At this stage machine learning was merely a fancy term that I had seen mentioned on a few blogs, but I started to try and learn more about it to see if it could use it to solve my tag classification problem. I made every mistake imaginable along the way. I ended up spending a while trying to train a lot of predictive models on the raw pixel intensities. I also didn’t take things like rotation into account, and because I was flattening the images to fit into a row in my dataframes, I was losing a lot of shape information too.
As I learned more, I started to understand the important role that feature engineering plays, and how using raw pixel values as your primary features is often a poor choice. I also discovered that factors like occlusion, angle and lighting would frequently result in me attempting to classify a tag where even the human eye could not identify the class that it belonged to.
Ultimately I ended up being able to solve my classification problem using the Caffe deep learning library, and it was a revelation finding a tool whose convolutional layers could understand the 2D structure of the data. The capability to natively identify edges with these layers undoubtedly played a key role in how well the model performed. I ended up being able to repurpose the network architecture that had been used with success on the MNIST dataset, and while I am still very much a novice when it comes to deep learning, now that I’ve seen how successful these models can be, I’m dedicating a significant portion of my own self-learning time to understanding these algorithms better.
I manually labelled over 5,000 images, which I extracted at various time points throughout the experiment. I also increased the size of my dataset by rotating the images and adding some salt and pepper noise. Generating a training and testing set from this data really drove home to me how important randomising your data was, as a testing set derived purely from images obtained earlier in my experiment could mislead me into thinking that the performance of my model was better than it really was.
I also introduced a a fourth class to help with cases when the tags were so difficult to identify that even I could not label them by hand. As I would have multiple attempts at identifying a bee as I tracked her movements, I found that developing a conservative predictive model that was biased towards the ‘unknown’ class prediction was more valuable than attempting to predict the class on every frame of footage. I was also able to incorporate background averaging into my tracking software so that I could observe the brood behind the bees which was an environmental factor with a strong influence over their behaviour.
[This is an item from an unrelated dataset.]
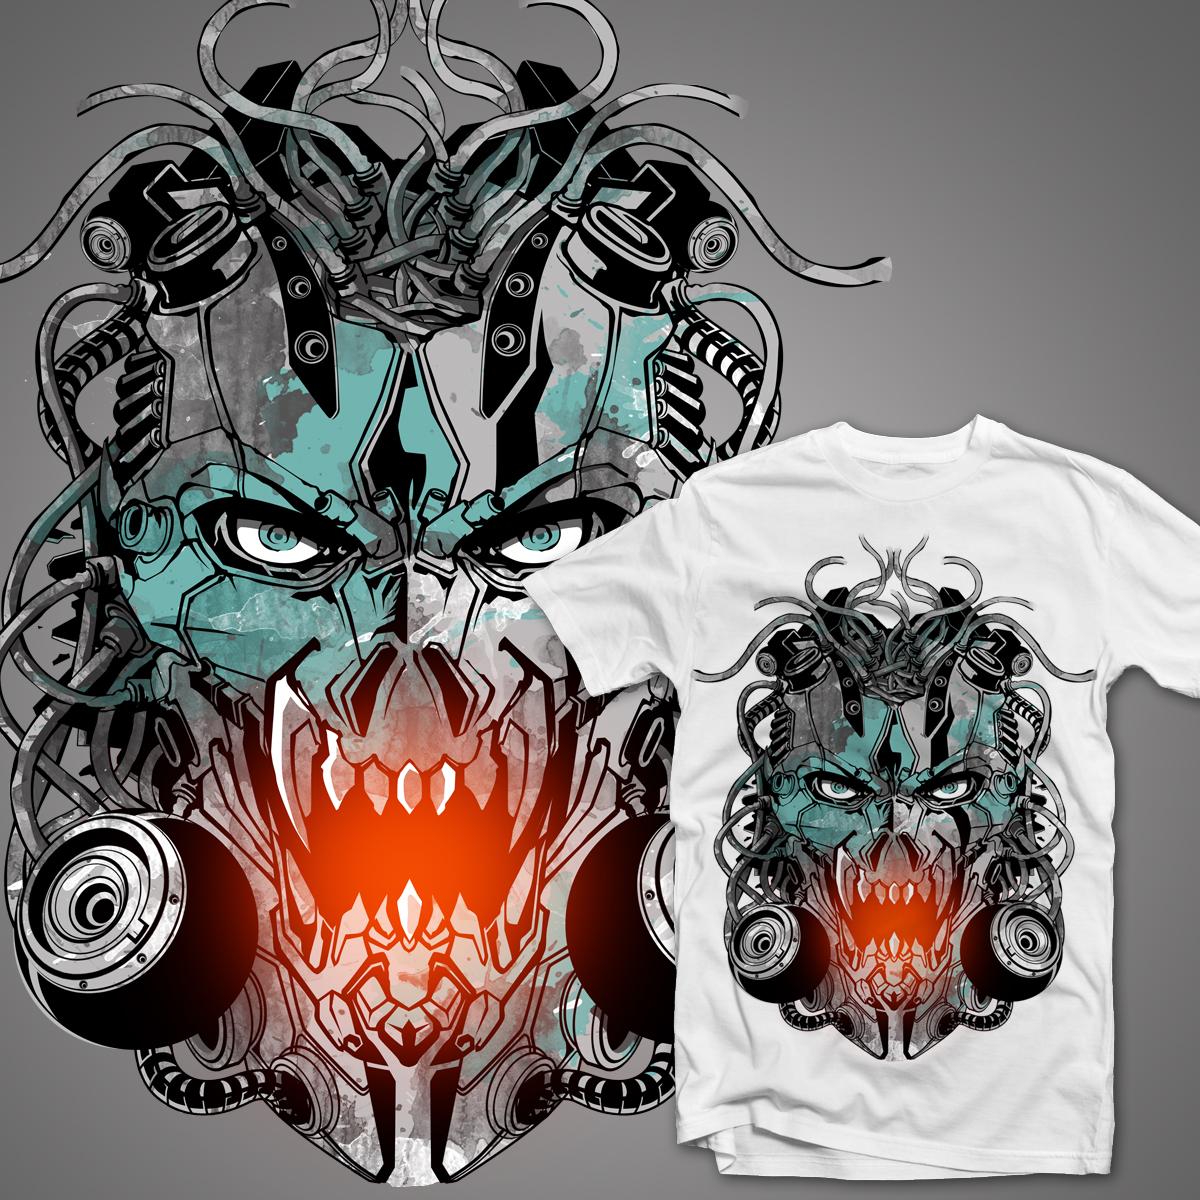 Cyborg Machine by alang_banyu on Threadless

I used two techniques to assess the accuracy of my predictive model. The first was a confusion matrix, which I used to determine how well my model was doing with each individual class I was attempting to classify. The second technique was more qualitative in nature, thanks to the visual nature of my data. I wrote a program in Python that would take my predictions and layer them over the original footage. That way I could spend a few moments watching my videos and immediately get a feel for how well my model was doing. For inaccurate models, observing the predictions flicker every half-second from one class to the next made it immediately obvious that I was about to have to go back to the drawing board.
So far the project has yielded some fascinating insights into juvenile honeybee circadian rhythm which I hope to publish soon, and I am currently attempting to expand the number of classes I can identify so that I can compare individuals in the hive, rather than groups.
I would like to express my thanks to my supervisor Sylvain Foret who tragically passed away just before Christmas and Steve Gould who was so amazingly generous with his time and advice towards a PhD candidate who was not even in the same department as him. I learned a lot from you both and cannot begin to express how grateful I am to you.